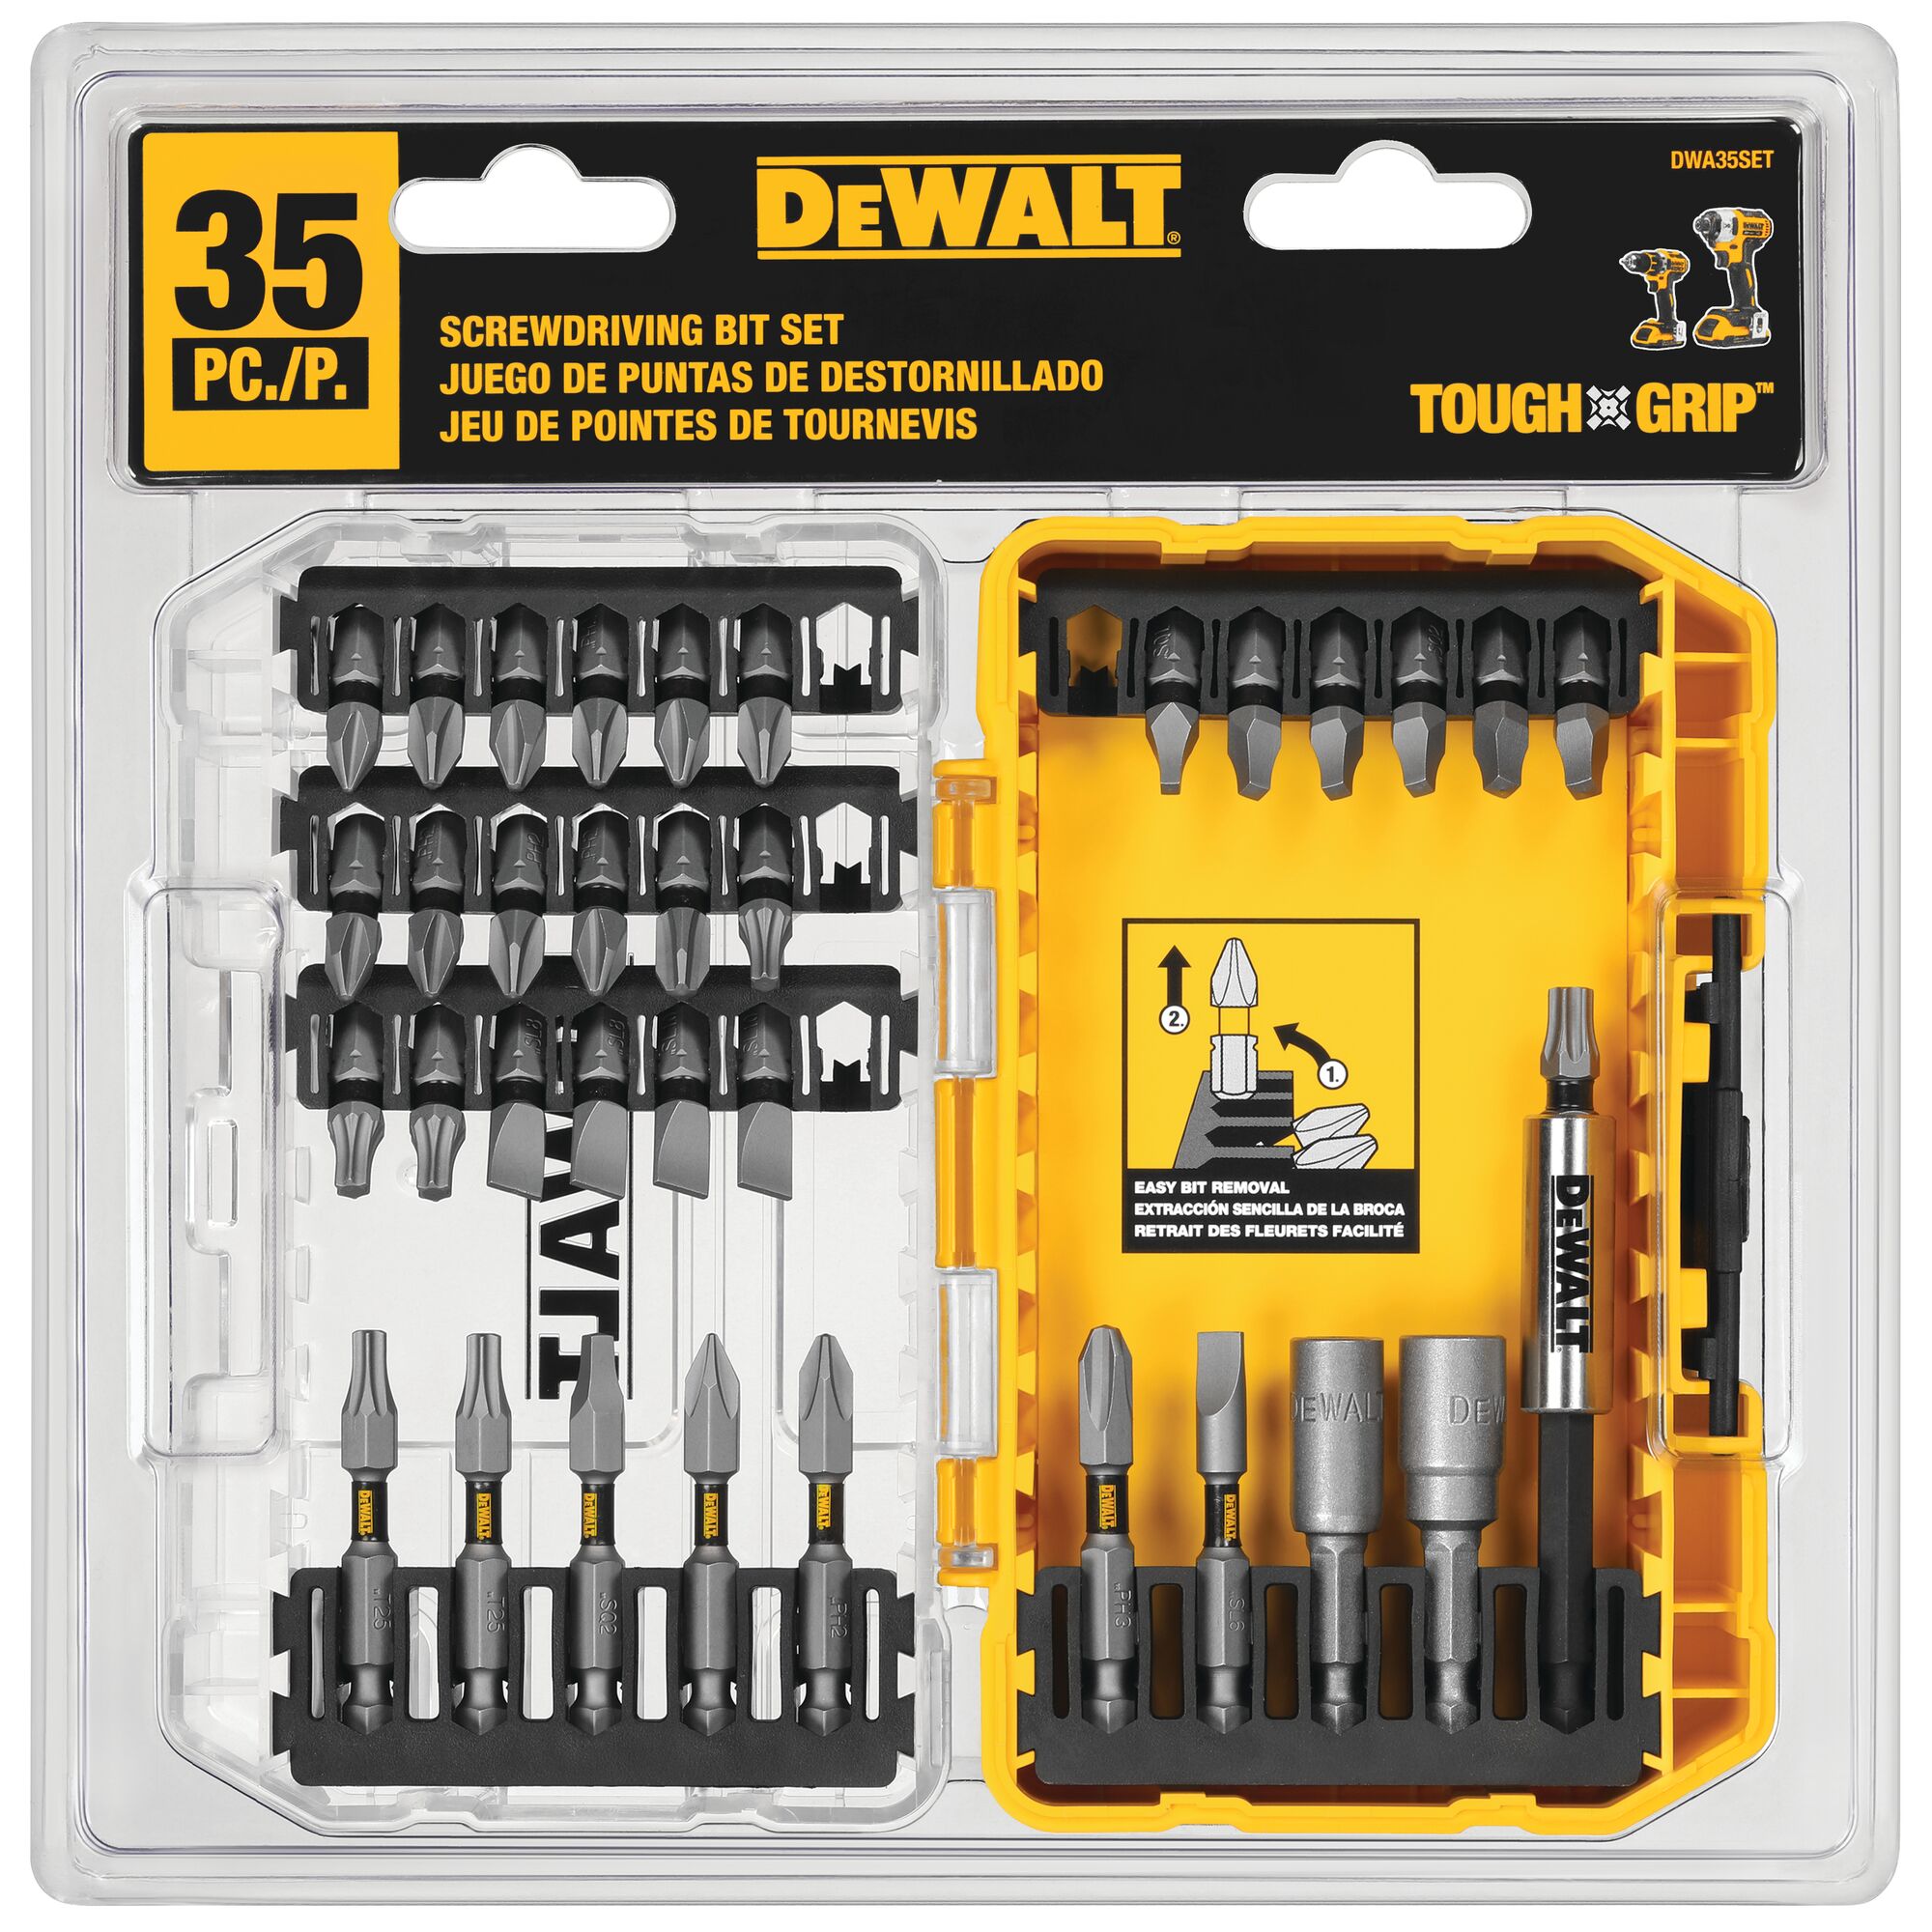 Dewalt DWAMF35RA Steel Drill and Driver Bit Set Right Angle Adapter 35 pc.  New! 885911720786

----------------

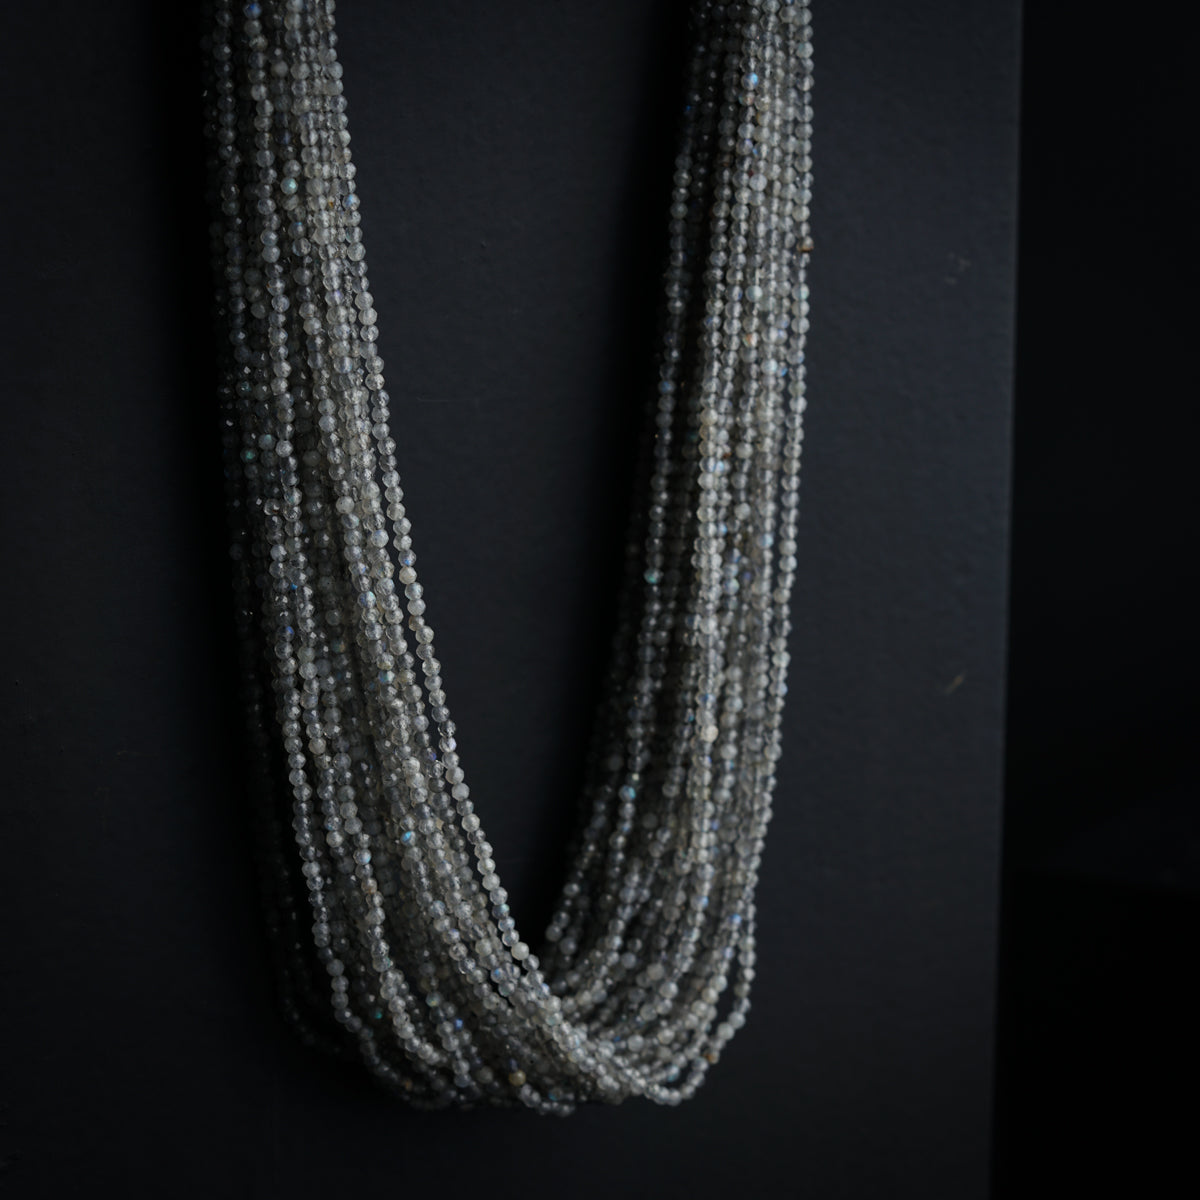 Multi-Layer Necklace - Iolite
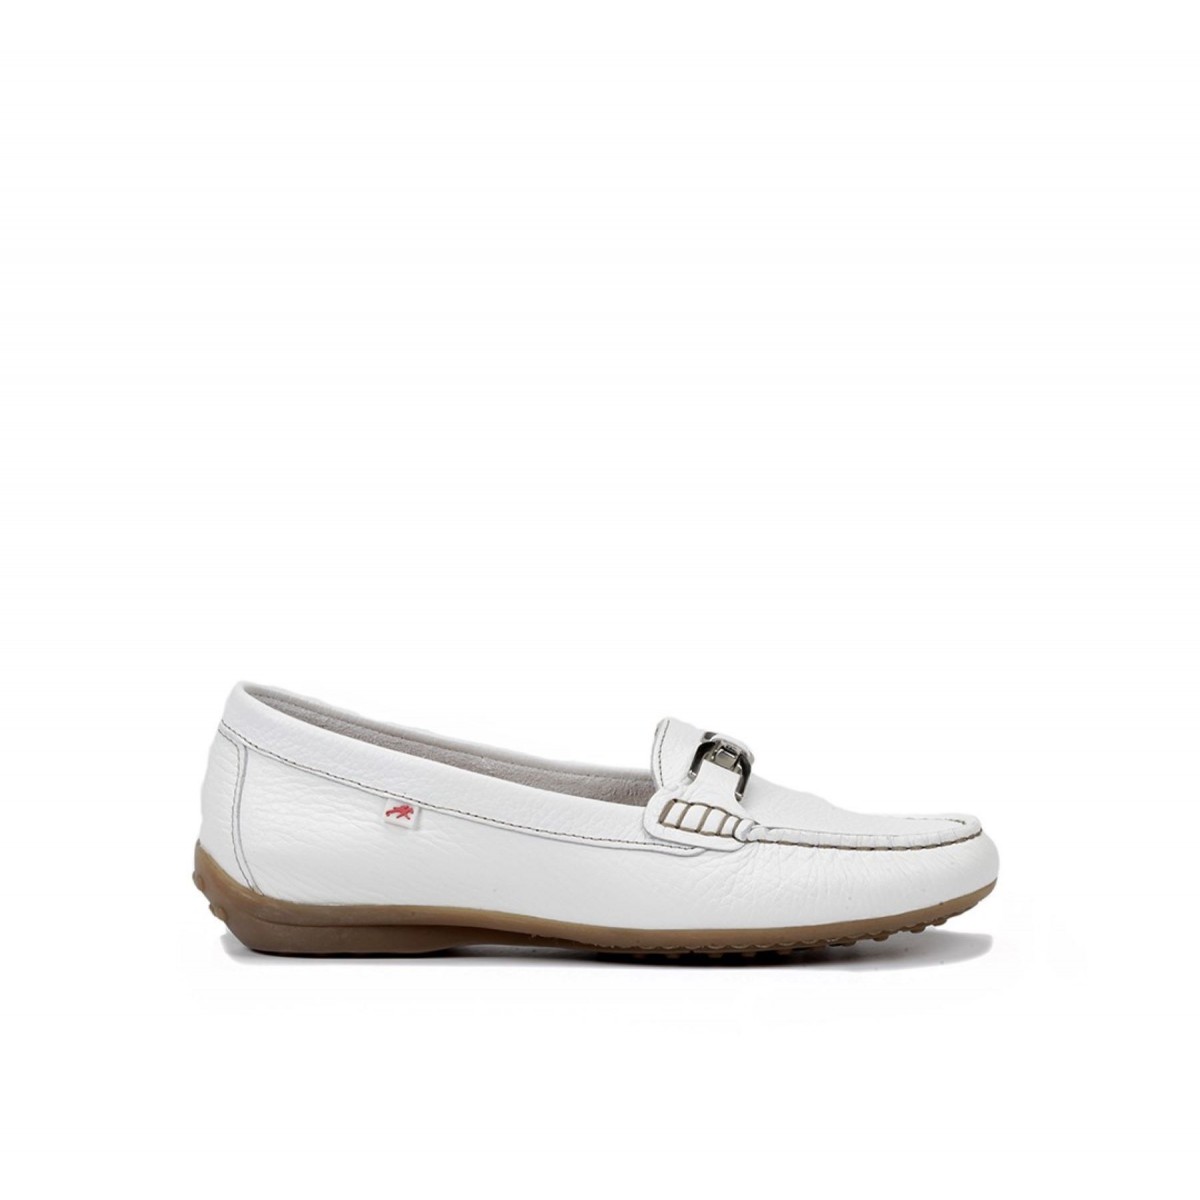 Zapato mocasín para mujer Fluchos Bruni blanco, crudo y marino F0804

----------------

EXERCISE PROMPT: Set down again, word for word, every line from the one with "Multi-Layer Necklace - Iolite" to the one with "Zapato mocasín para" in the entries above, and omit the pictures.

RESPONSE AREA:
 Multi-Layer Necklace - Iolite
 Zapato mocasín para mujer Fluchos Bruni blanco, crudo y marino F0804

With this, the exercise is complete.